Within sovereign nation states, territorial nationalism is manifested as a belief that all inhabitants of that nation owe allegiance to their country of birth or adoption.

According to territorial nationalism every individual must belong to a nation, but can choose which one to join.   A sacred quality is sought in this nation and in the popular memories it evokes, and citizenship is idealised and criteria set based upon established mass, public culture based on common values and traditions of the population.

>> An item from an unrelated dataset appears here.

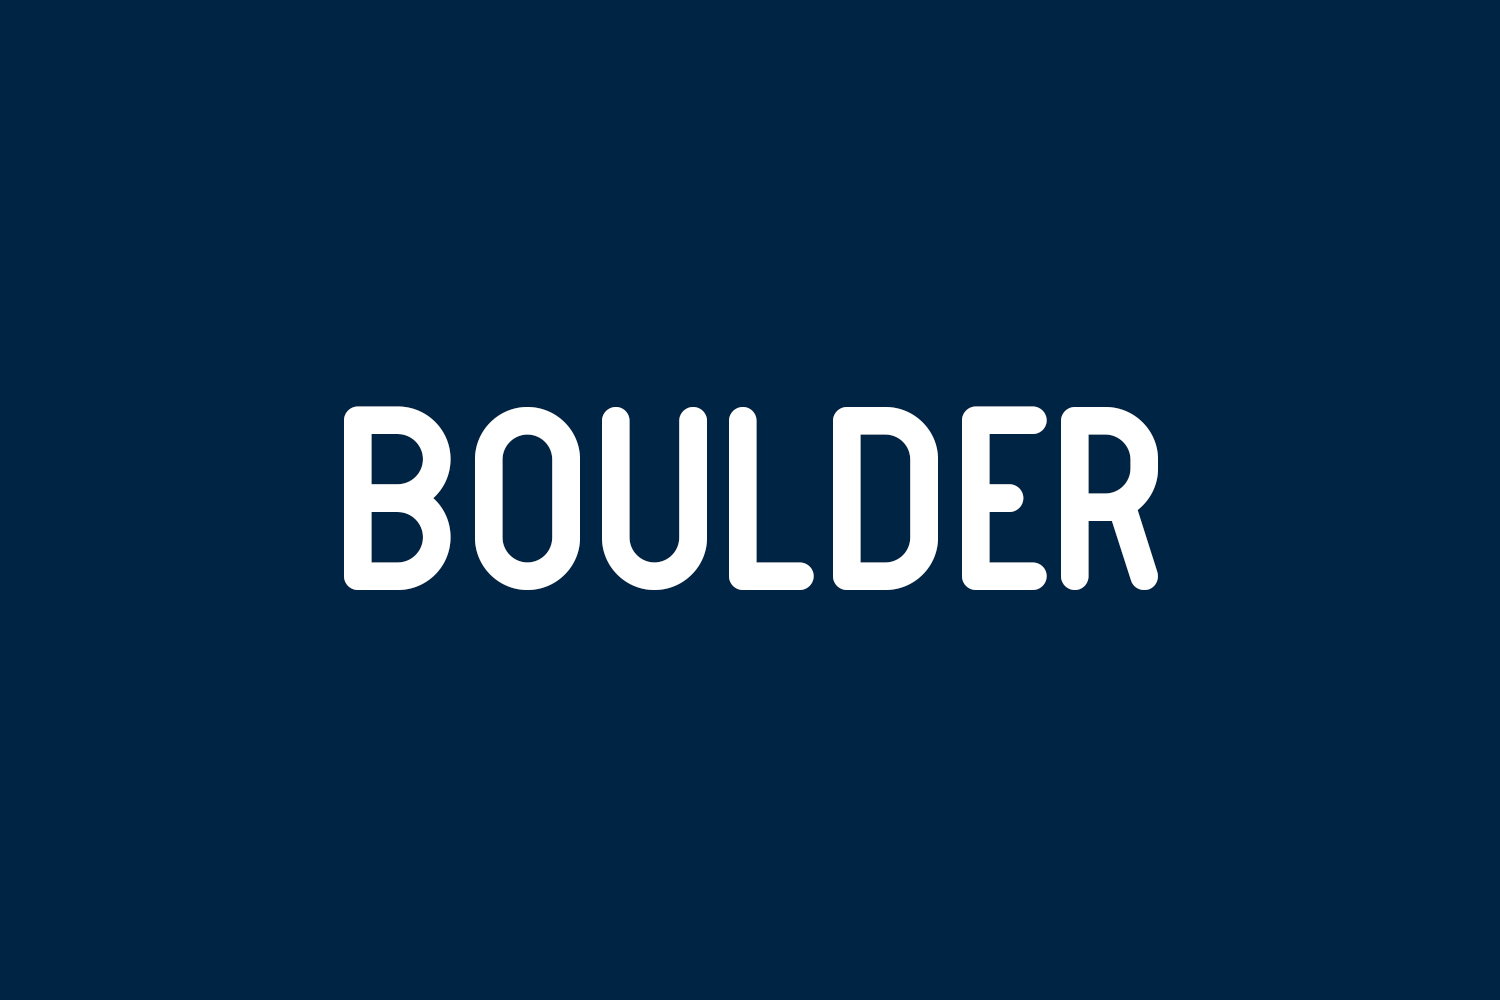 Boulder Free Font

Territorial nationalism is also connected to the concepts of Lebensraum, forced expulsion, ethnic cleansing and sometimes even genocide when one nation claims a certain imaginary territory and wants to get rid of other nations living on it. These territorial aspirations are part of the goal of an ethnically pure nation-state.  Most Third World nations follow the ideology of territorial nationalism.

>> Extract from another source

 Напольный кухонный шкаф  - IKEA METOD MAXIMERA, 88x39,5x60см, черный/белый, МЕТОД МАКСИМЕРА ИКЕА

Yugoslavia tried this and it ultimately led to ethnic civil war and genocide between 1991 and 2001.

Ethnic Nationalism

Defines the nation in terms of ethnicity, which always includes some element of descent from previous generations, i.e. genophilia. It also includes ideas of a culture shared between members of the group and with their ancestors, and usually a shared language. Membership in the nation is hereditary. The state derives political legitimacy from its status as homeland of the ethnic group, and from its duty to protect of the partly national group and facilitate its family and social life, as a group. Ideas of ethnicity are very old, but modern ethnic nationalism was heavily influenced by Johann Gottfried von Herder, who promoted the concept of the Volk, and Johann Gottlieb Fichte. Theorist Anthony D. Smith uses the term ‘ethnic nationalism’ for non-Western concepts of nationalism, as opposed to Western views of a nation defined by its geographical territory. The term “ethno-nationalism” is generally used only in reference to nationalists who espouse an explicit ideology along these lines; “ethnic nationalism” is the more generic term, and used for nationalists who hold these beliefs in an informal, instinctive, or unsystematic way.

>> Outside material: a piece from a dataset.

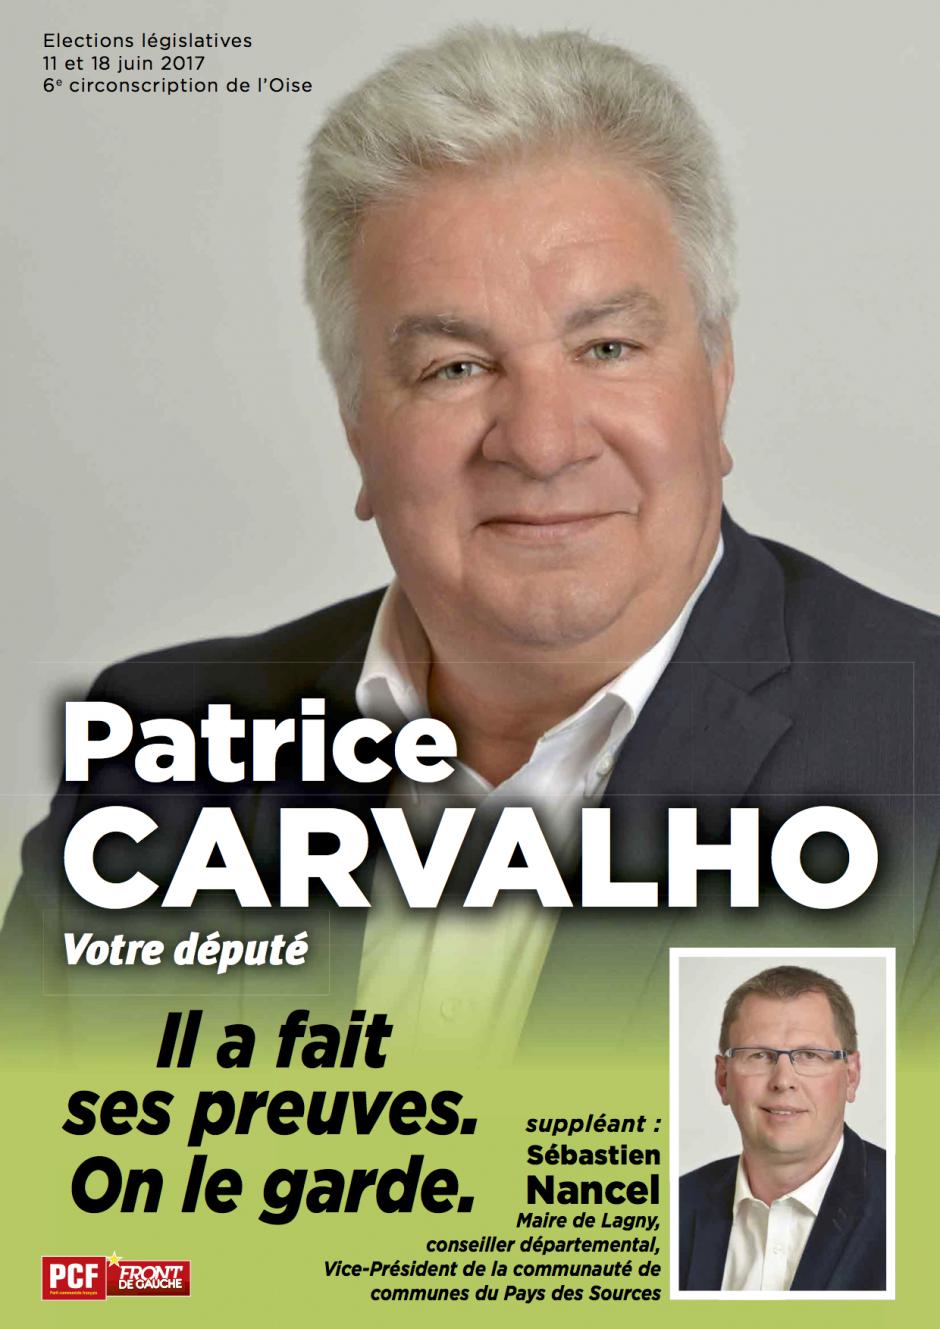 Profession de foi de Patrice Carvalho et Sébastien Nancel - 6e circonscription de l'Oise, 11 juin 2017

Ethno-territorial Nationalism

Ethno-territorial Nationalism is a hybrid ideology of Ethnic Nationalism and of Territorial Nationalism (above).  This tends to be more historical in which a nation’s native people are defined by both local ethnicity and the historical geographical home of their ancestors.

Switzerland is a classic example, while divide by language into German, French, Italian and aboriginal Graubünden in the rugged mountainous eastward.

Cultural Nationalism

Cultural nationalism defines the nation by shared culture. Membership (the state of being members) in the nation is neither entirely voluntary (you cannot instantly acquire a culture), nor hereditary (children of members may be considered foreigners if they grew up in another culture). Yet, a traditional culture can be more easily incorporated into an individual’s life, especially if the individual is allowed to acquire its skills at an early stage of his/her own life.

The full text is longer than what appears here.